Reading this paragraph, I felt my breath stick in the base of my chest. The author was describing the disorienting emptiness I felt and whispering that I’m not alone. He argues that The Uncertain Jews are “vital Jews, thrown out of orbit by the cataclysms of the past two centuries. Their retention of identity and feeling is a marvel. They testify as much as the observant to the strange endurance of the spirit of Abraham’s House.”
A mysterious endurance indeed. All along, right under the surface, I’ve felt a longing to be Jewish, but not necessarily like I belong.
That tattered old book reminded me that there are a lot of ways to be part of a culture. And that in Judaism, uncertainty is more of a feature than a fluke. This realization gave me enough courage to reclaim a piece of myself.

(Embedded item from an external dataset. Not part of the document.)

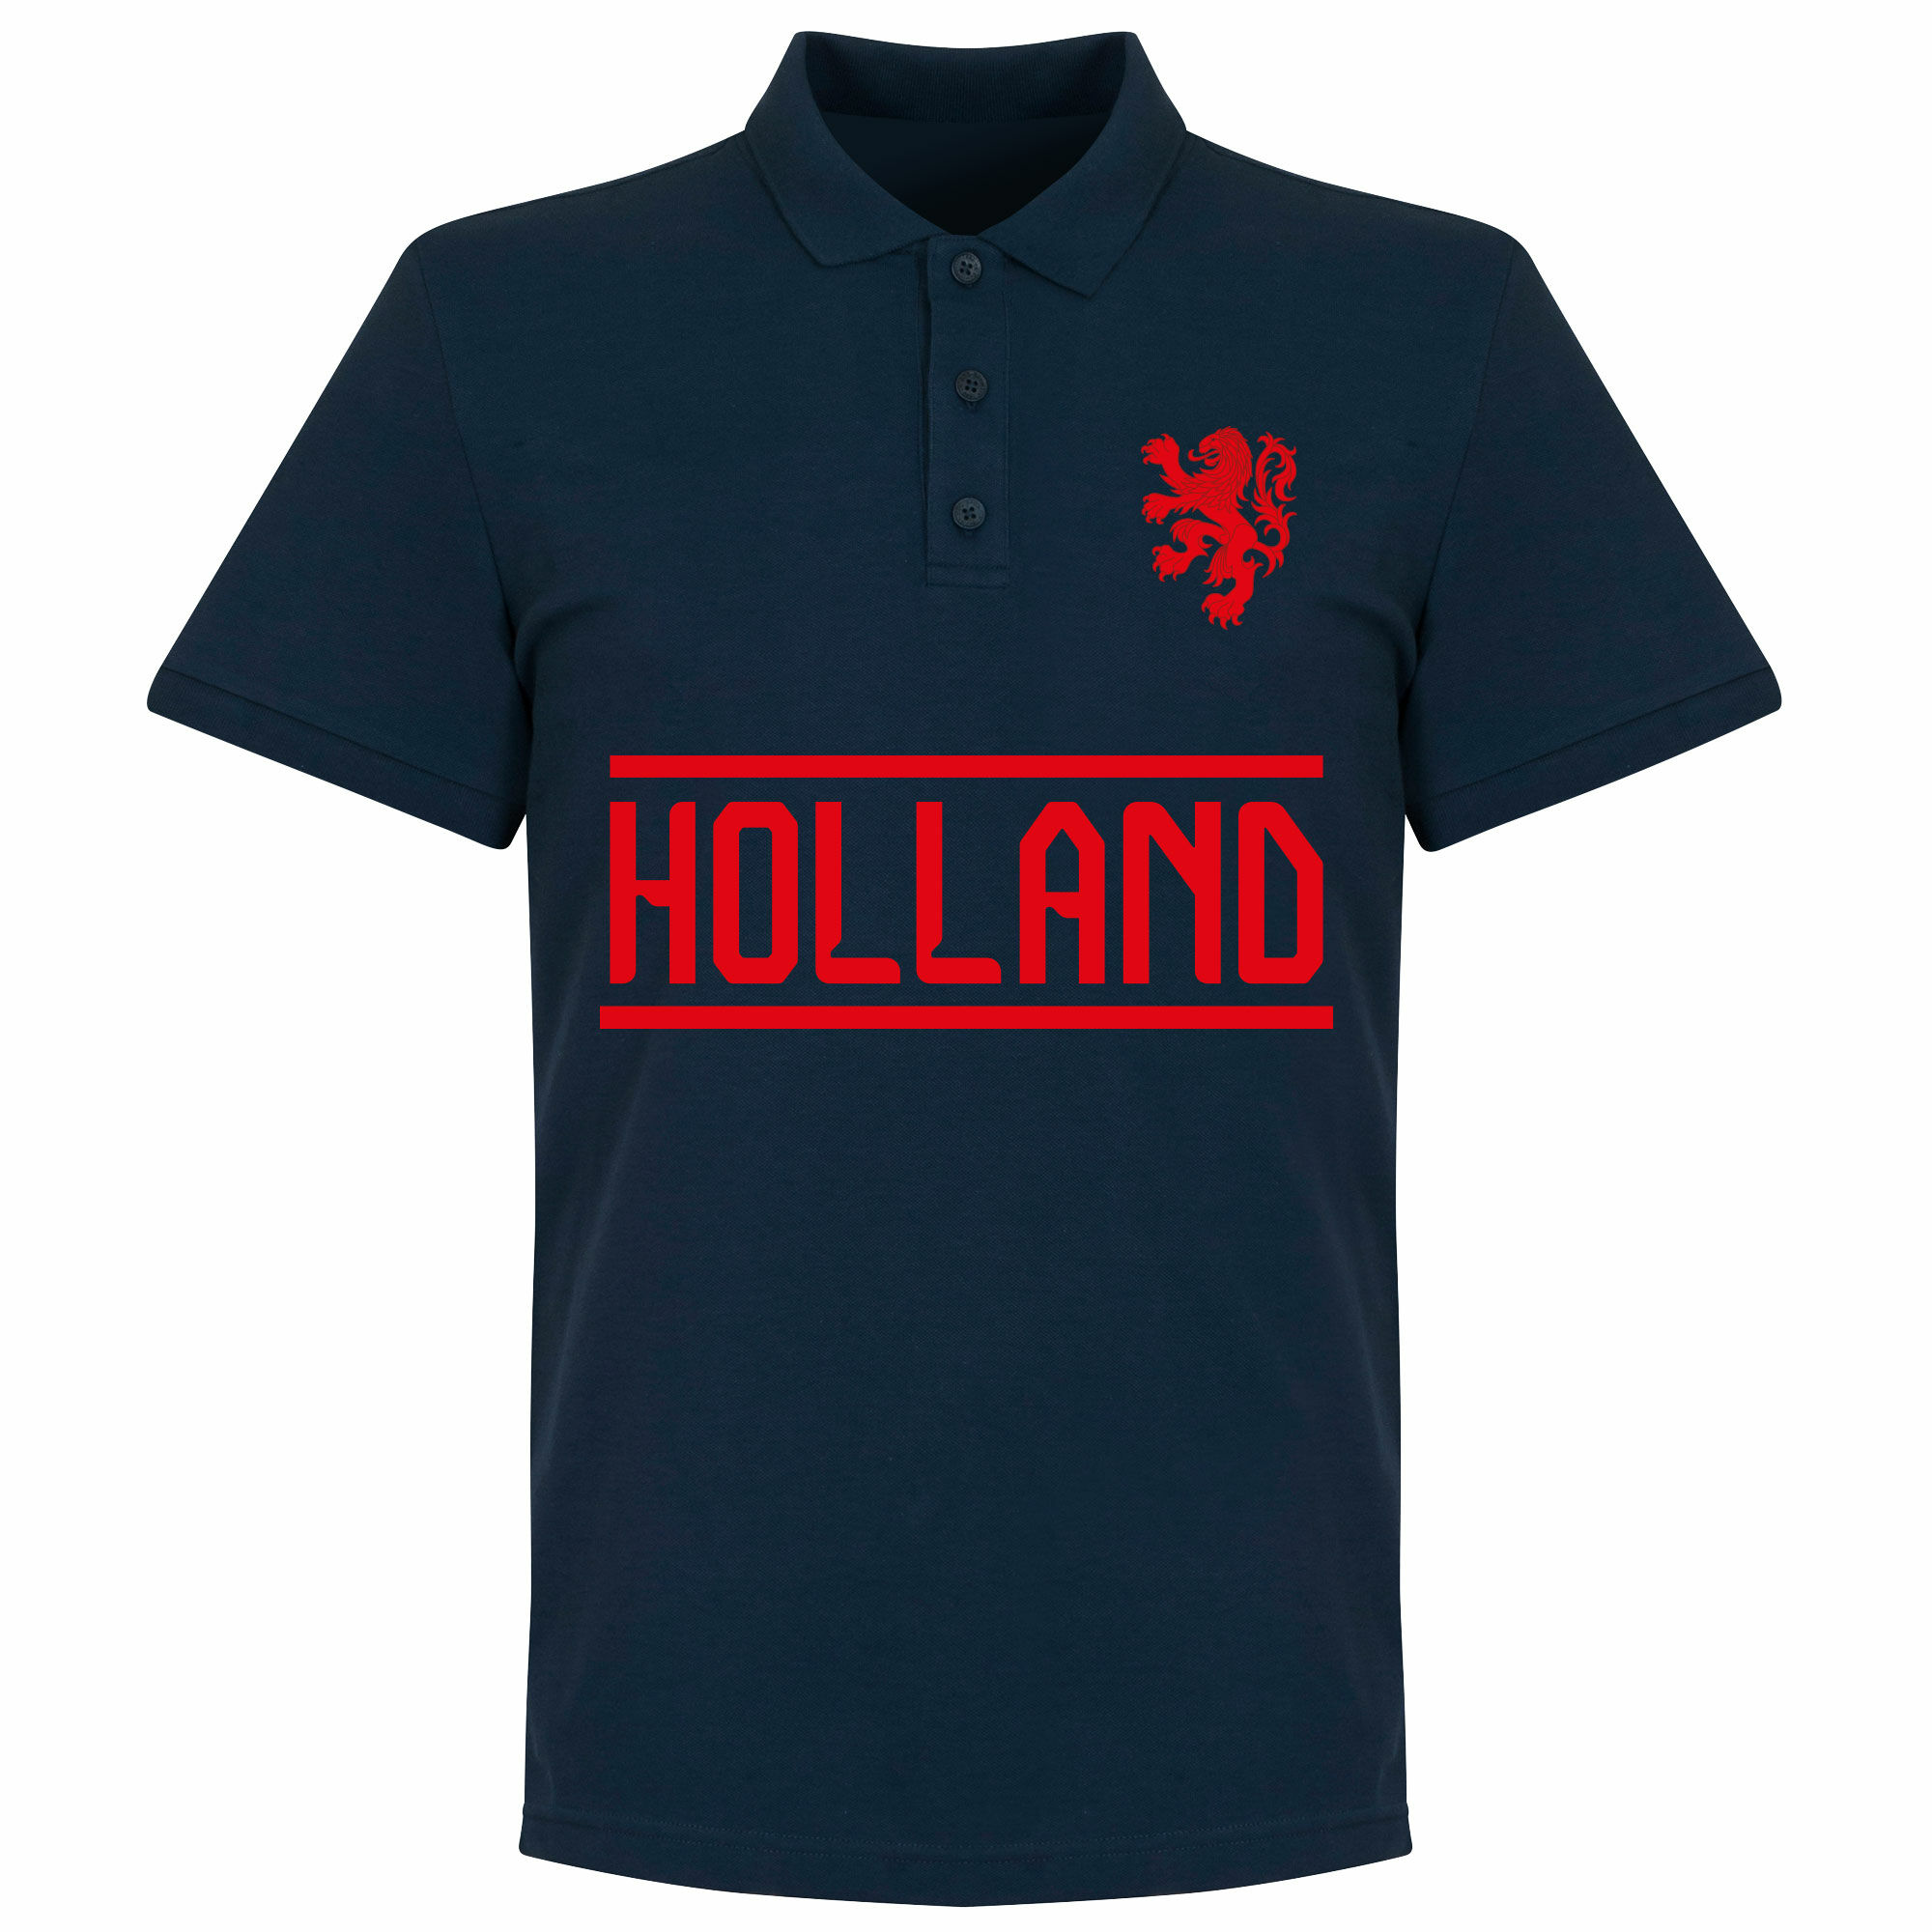 Nizozemí - Tričko s límečkem - modré

In April, I even decided to get together with a few friends in my COVID-19 “bubble” to celebrate Passover — not out of obligation but out of a desire to connect with a community of other very uncertain Jews.
About six months after we separated, Paulo and I started talking again. We decided to go to couples therapy and see if we could work things out. In those sessions, we talked a lot about our differences; we were both more clear about who we were and stronger in our own, separate identities. We were also both more clear that we wanted to be with each other, even though it would require a lot of work. We spent time talking about our fears and hopes and beliefs. And yes, we talked about Judaism — sometimes while cooking tortas fritas.
In September, Paulo came over on Rosh Hashanah. I was cutting up apples and pouring honey onto a plate. He smiled and asked what the treat was for, so I taught him the prayer for a sweet New Year. Neither of us know what our future together will look like, but I’m more comfortable with myself and the uncertainty of life than ever before.